Rota spent most of his career in Europe, especially in Italian-speaking region.

Club career

Italy
Rota entered the first team of Pro Sesto in the 2001–02 Serie C2 season, becoming a regular the following year. In 2005, the team was promoted to Serie C1 as the Group A winner of the 2004–05 Serie C2 season. Subsequently, Rota was also selected for the Mirop Cup as a member of Italy U-20 Lega Pro. Their team went up against the youth national teams of Styria, Croatia, Hungary, and Slovenia, and eventually Italy's U-20 Lega Pro team was named the champion of that tournament.

Rota also capped for the Italy U-20 Lega Pro team in the 2005 Trofeo Dossena, which lost to Sport Club Internacional in the final game. He did not suit up for Italy in the final match of that tournament. In January 2006, Rota was transferred from Pro Sesto to Manfredonia. By the end of that season, Manfredonia finished tenth, and Pro Sesto was relegated. Rota returned to Pro Sesto as a regular, though he missed the rest of the season.

In November 2007, Rota returned to Pro Sesto, playing eight games of the season. He was then transferred to Lugano of Swiss Challenge League in 2008. In 2009, Rota returned to Pro Sesto, but the club went bankrupt and it finished last in the 2009–10 Lega Pro Seconda Divisione.

Philippines
In October 2013, Rota showed interest in playing in the United Football League to have more chances of being selected by the Philippines national football team. He signed with Stallion FC in January 2014.
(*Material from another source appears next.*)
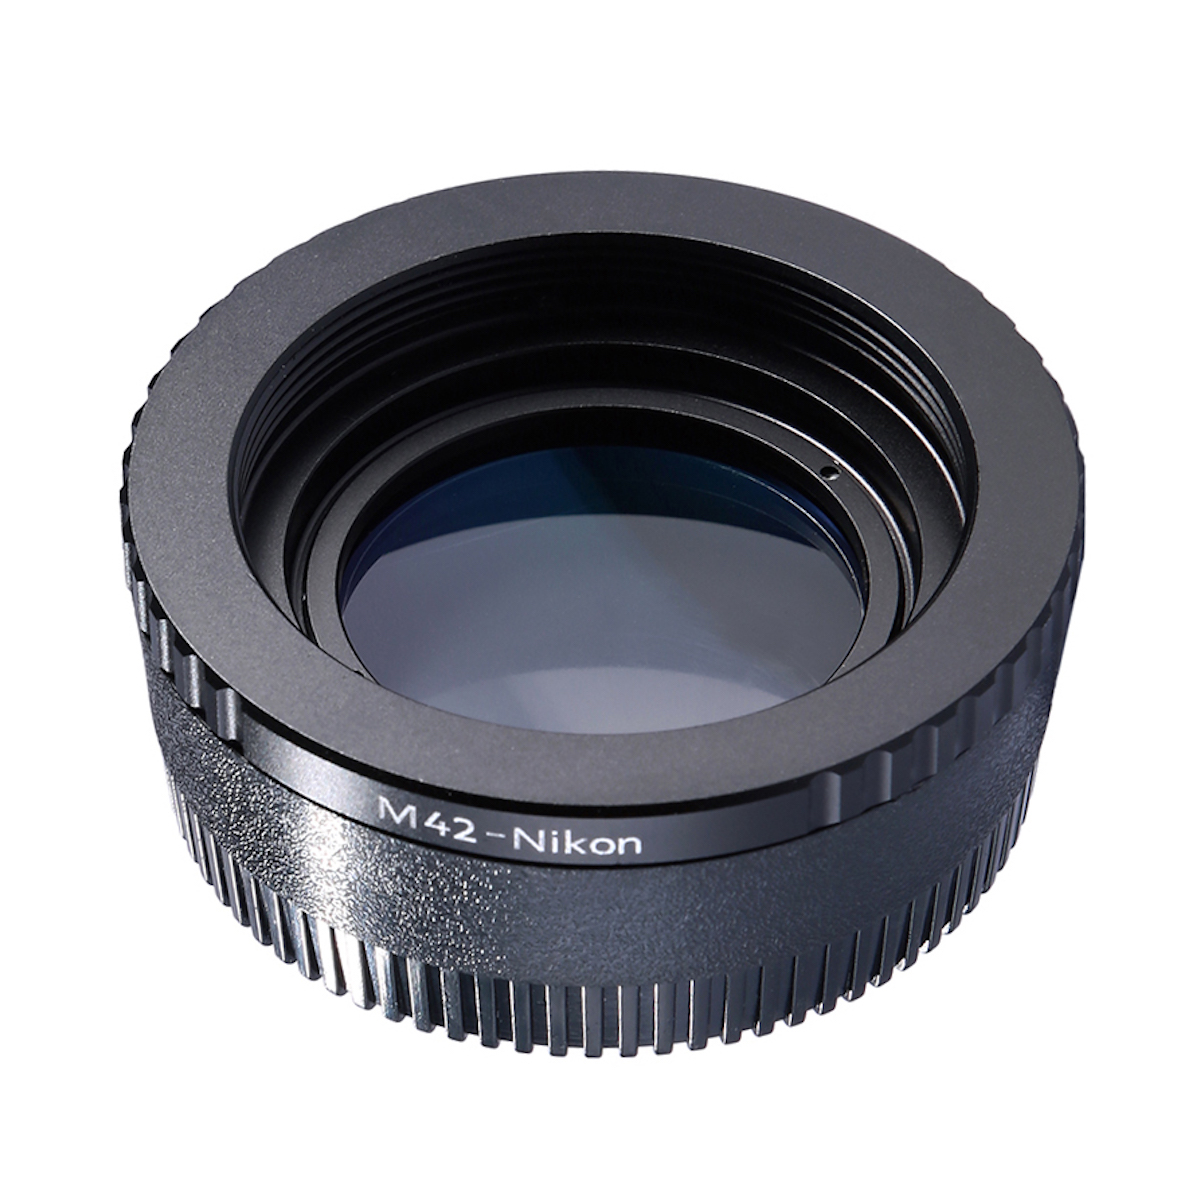 KF 10%OFF CONCEPT Concept レンズマウントアダプター KF-42F アウトレット 無限遠補正レンズ付き M42マウントレンズ ニコンFマウント変換 →
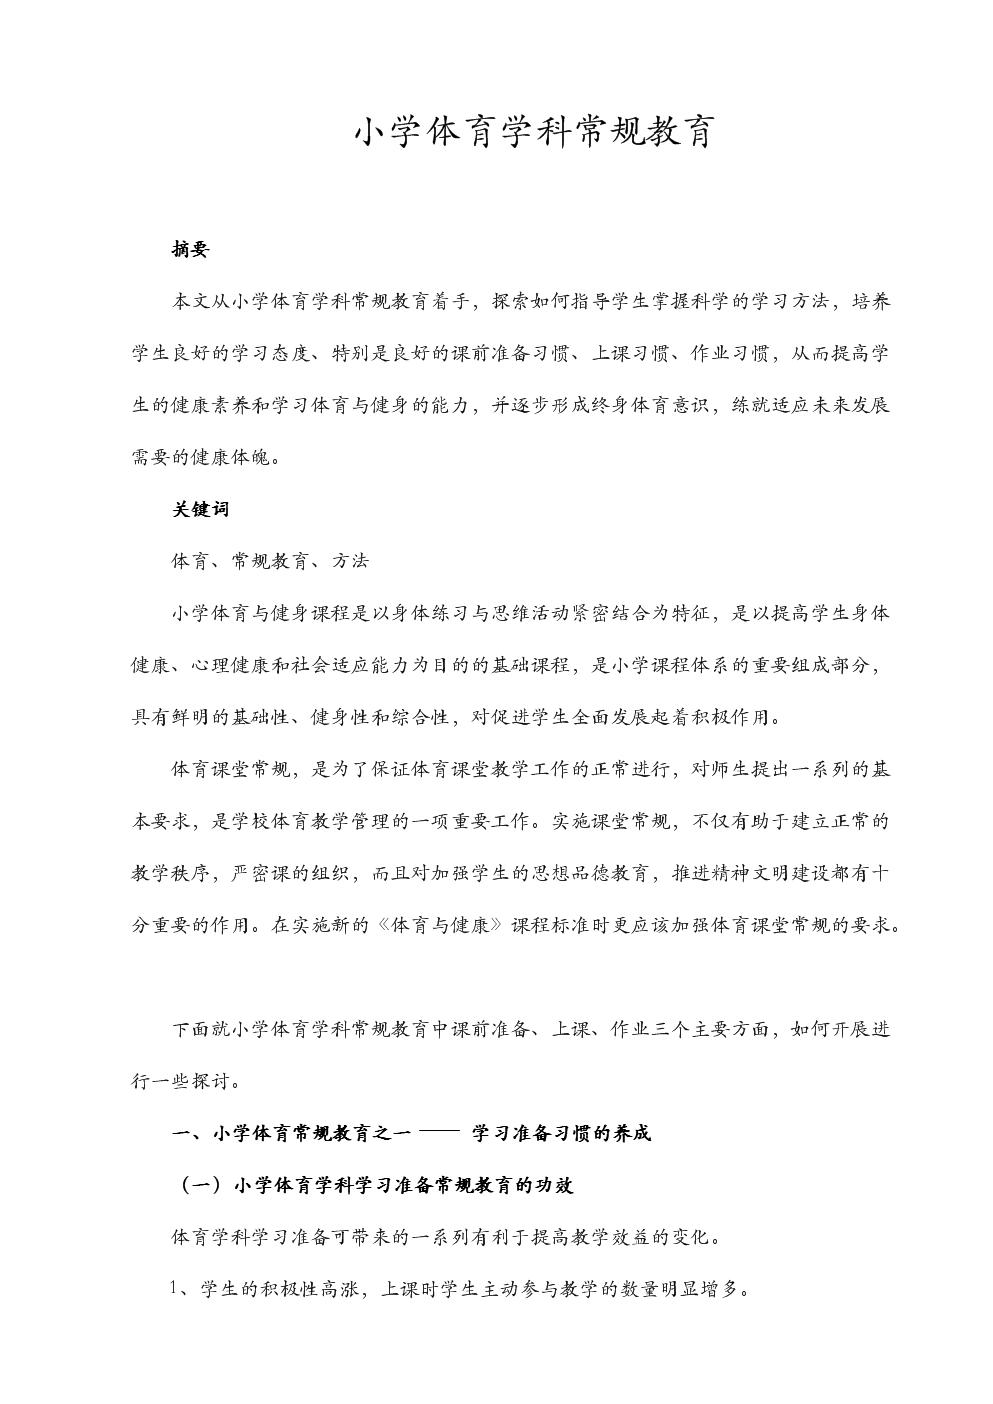 小学体育学科常规教育.doc

In January 2017, Ceres-Negros announced that they had signed Rota, along with few other players, to play for the club. He went on to join Davao Aguilas later in the year.

International career

Italy 
Rota represented the Italy U20 Lega Pro team at the 2005–06 Mirop Cup.

Philippines 
Rota received his first call up for the Philippines national football team in February 2014, making his international debut in a friendly match against Malaysia on 1 March 2014. He scored his first international goal in the 2014 AFC Challenge Cup group stage match against Laos on 22 May 2014.

In August 2016 Rota suffered a serious ACL tear that would rule him out for the rest of the year, including the 2016 AFF Championship in which the Philippines are the host.

Personal life 
Since his return to the Philippines in 2014 Rota makes a point of volunteering at the orphanage where he grew up. Rota is an A.C. Milan fan, and although he fluently speaks Italian, he has difficulty speaking English and Filipino. Rota has multiple tattoos, including the outline of the Philippines archipelago and the names of his sister, adopted mother and father on his right forearm and a prayer and Sister May's name on his left forearm.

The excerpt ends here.